Long ago, there were two economic powers in Asia, one was Japan, the yen was hailed as a global safe haven currency, and the other was South Korea, which was regarded as the Canary of the world economy.

Boasting for a long time, they even think that they are beyond the social rules, with their tails cocked high.

The Japanese thought that as long as they dared to print money, Japanese manufacturing would reach its peak again, and they could buy another Japan with the money printed by the US emperor.

As usual, many Japanese media boast that Japan’s overseas investment income can equal Japan’s GDP. We can’t deny this data. How much Japanese have invested, and how much investment is the high-quality asset that international capital borrows a cheap vest to Japan to buy for itself?
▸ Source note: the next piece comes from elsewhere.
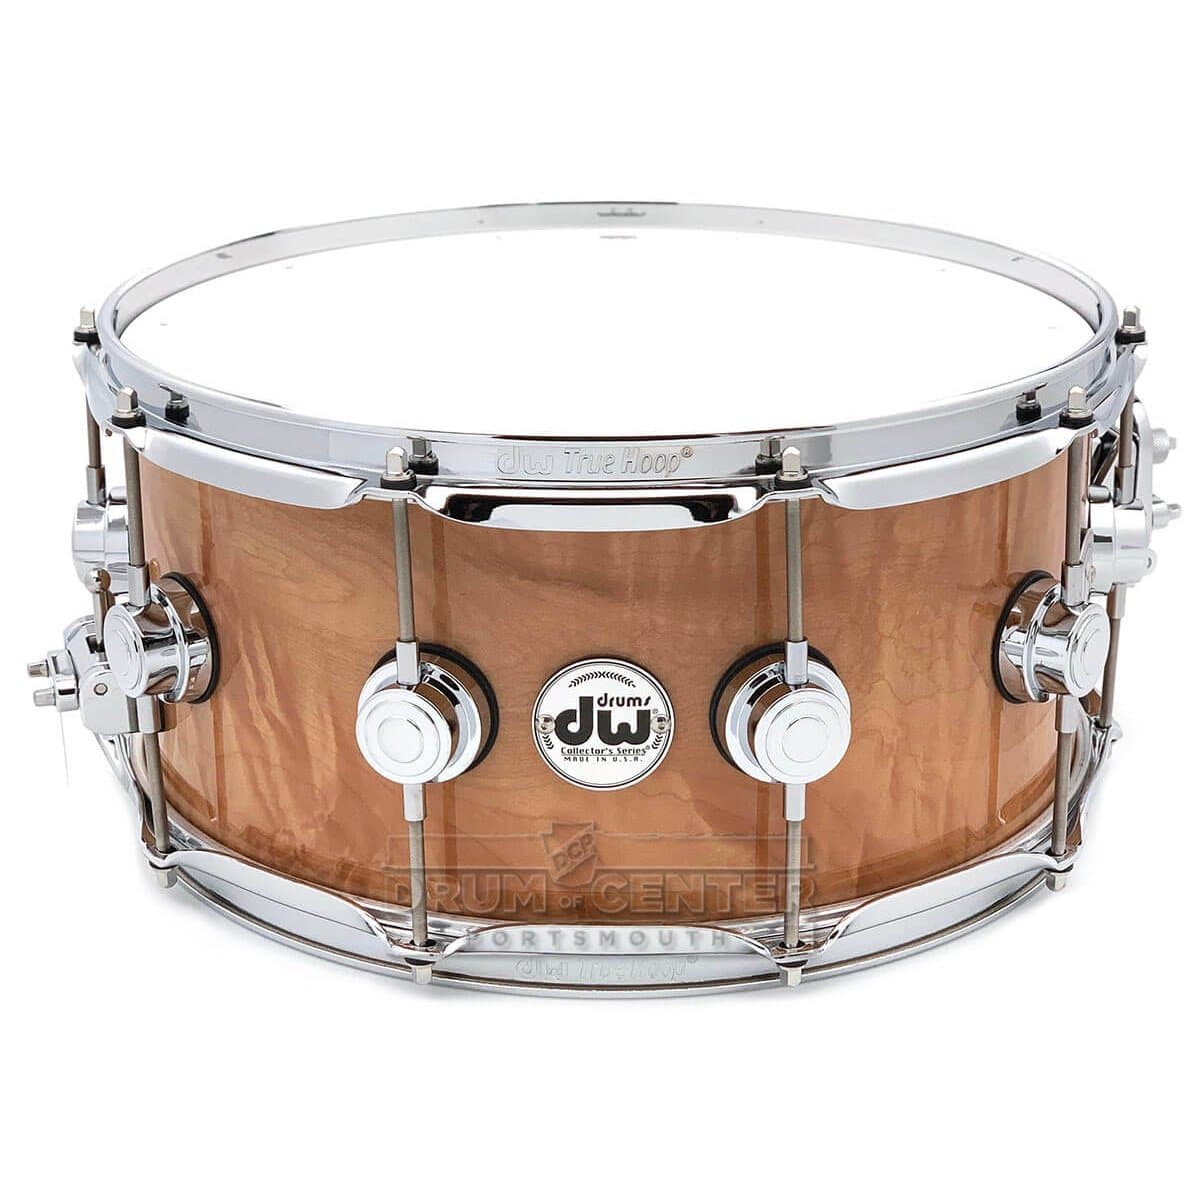 DW Collectors Maple/Purple Core Snare Drum 14x6.5 Natural Super 
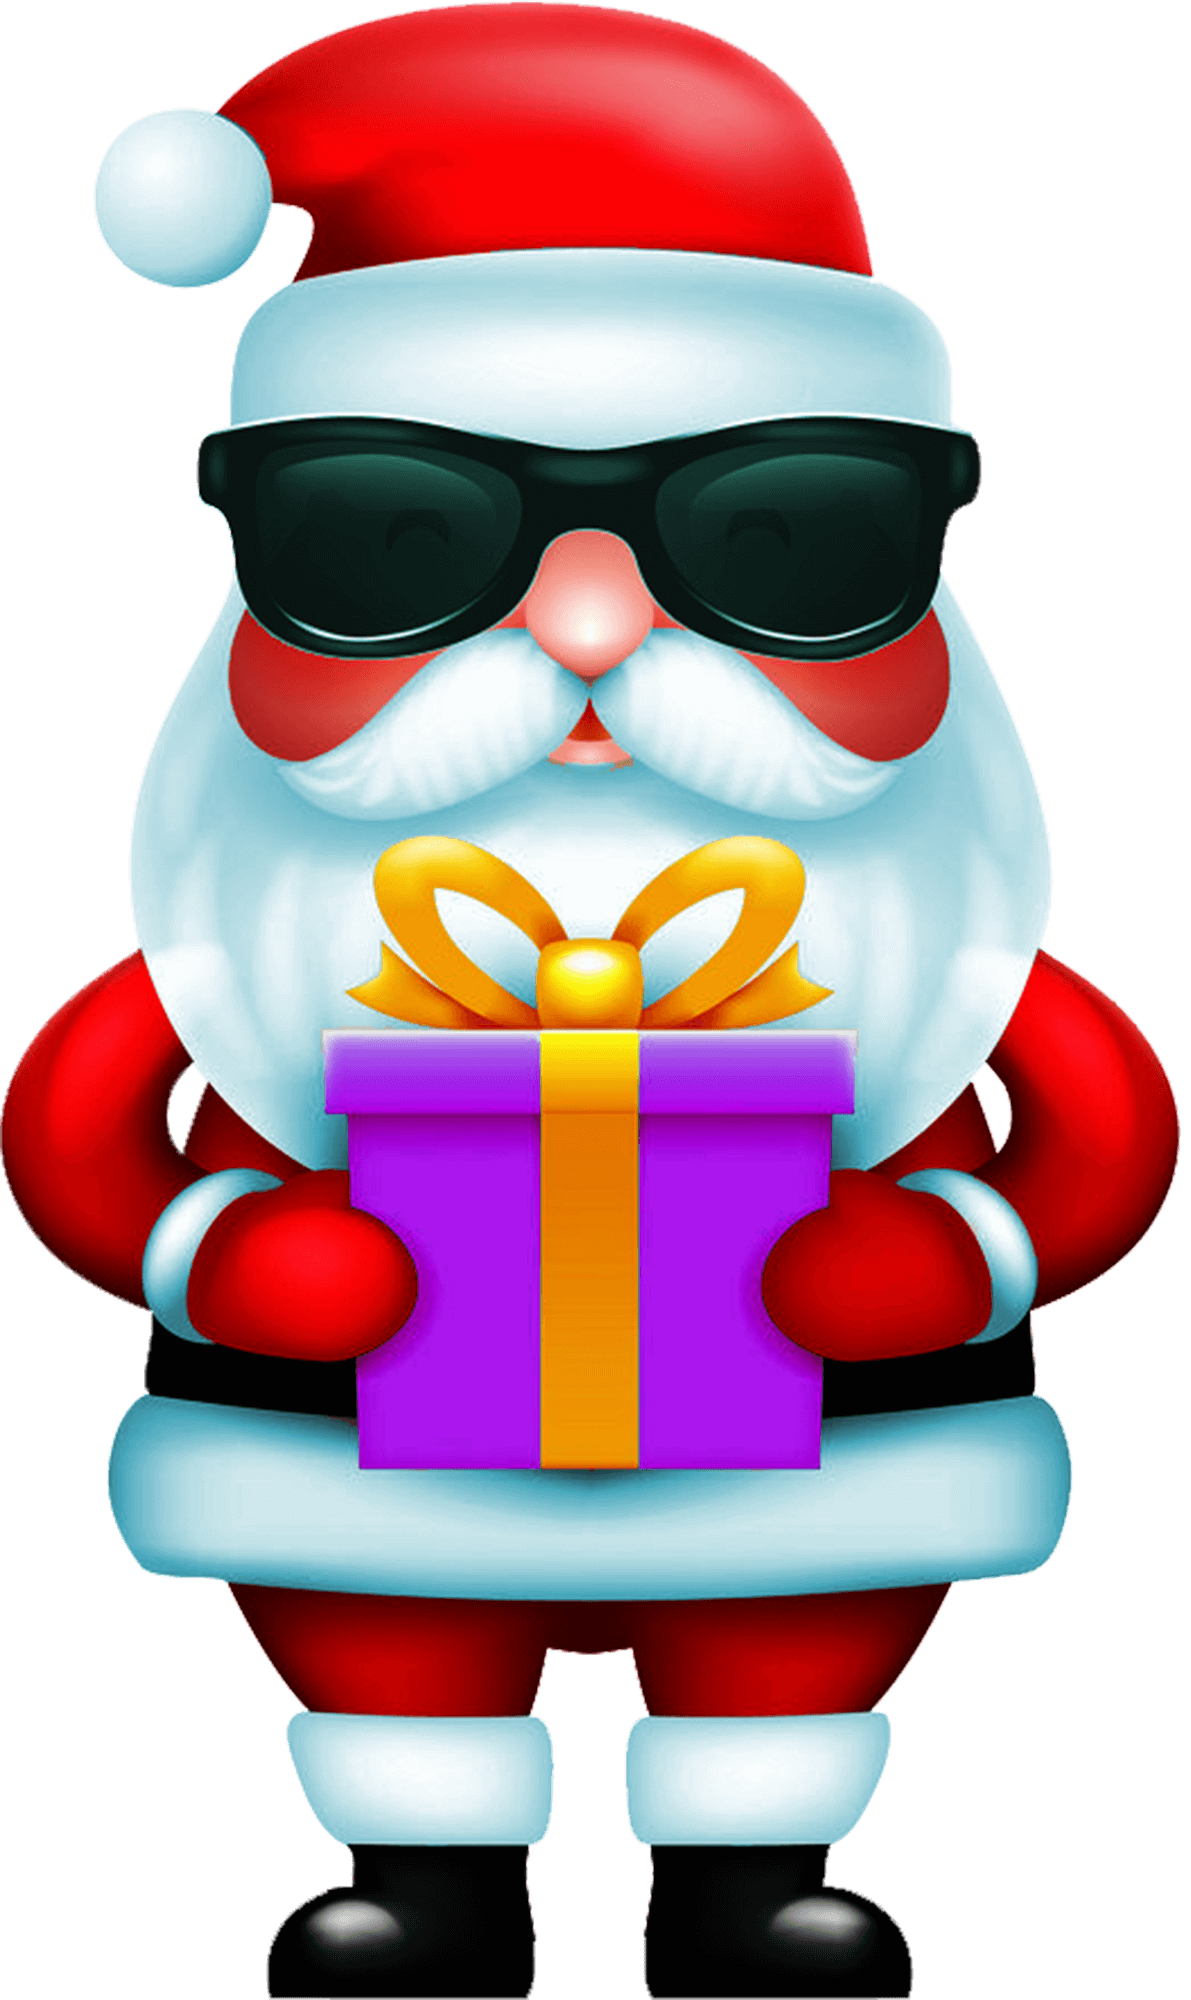 Secret santa claus gift box in hand vector image png - Pngfreepic

For example, a large consortium in country m knows that the interest rate of yen is low, so it borrows a large amount of yen, buys high-quality assets in country a, and then mortgages them to the Bank of Japan. In this cycle, who is the overseas investment?

Of course, when high-quality assets are not high-quality, the oil and water of the collateral are drained, and then the bad debts are broken down, and the backhand is returned to the Bank of Japan. Anyway, the people’s central bank can print money frantically without pressure.

Someone has to ask, why should the Bank of Japan be such an unjust leader?

Because the US Army is stationed in Japan, the Japanese yen is the colonial currency of the US dollar, and the Japanese economy is developing in the circle set by the United States.

The Bank of Japan, along with the Bank of Japan, has gone black on the road of opening up and become a listed company. Where does objectivity and independence come from?

Only our public figures still can not wake up to the American dream. Even the Americans themselves have stopped doing it.

The direct involvement of American capital is deeply guarded in many countries. At this time, a long-term low browed Japan is needed to be a vest.

There is a well-known Japanese TV series, Naoki banzawa, which tells the story of the workplace struggle in Japan’s financial sector. There is a procuratorial Bureau of the financial department, which is old and powerful. The 20billion yen bad debt can make you withdraw 150billion yen of risk reserves. If you can’t do it, big banks can make you bankrupt every minute. This is a bit like the famous special search Department of Tokyo local prosecutors.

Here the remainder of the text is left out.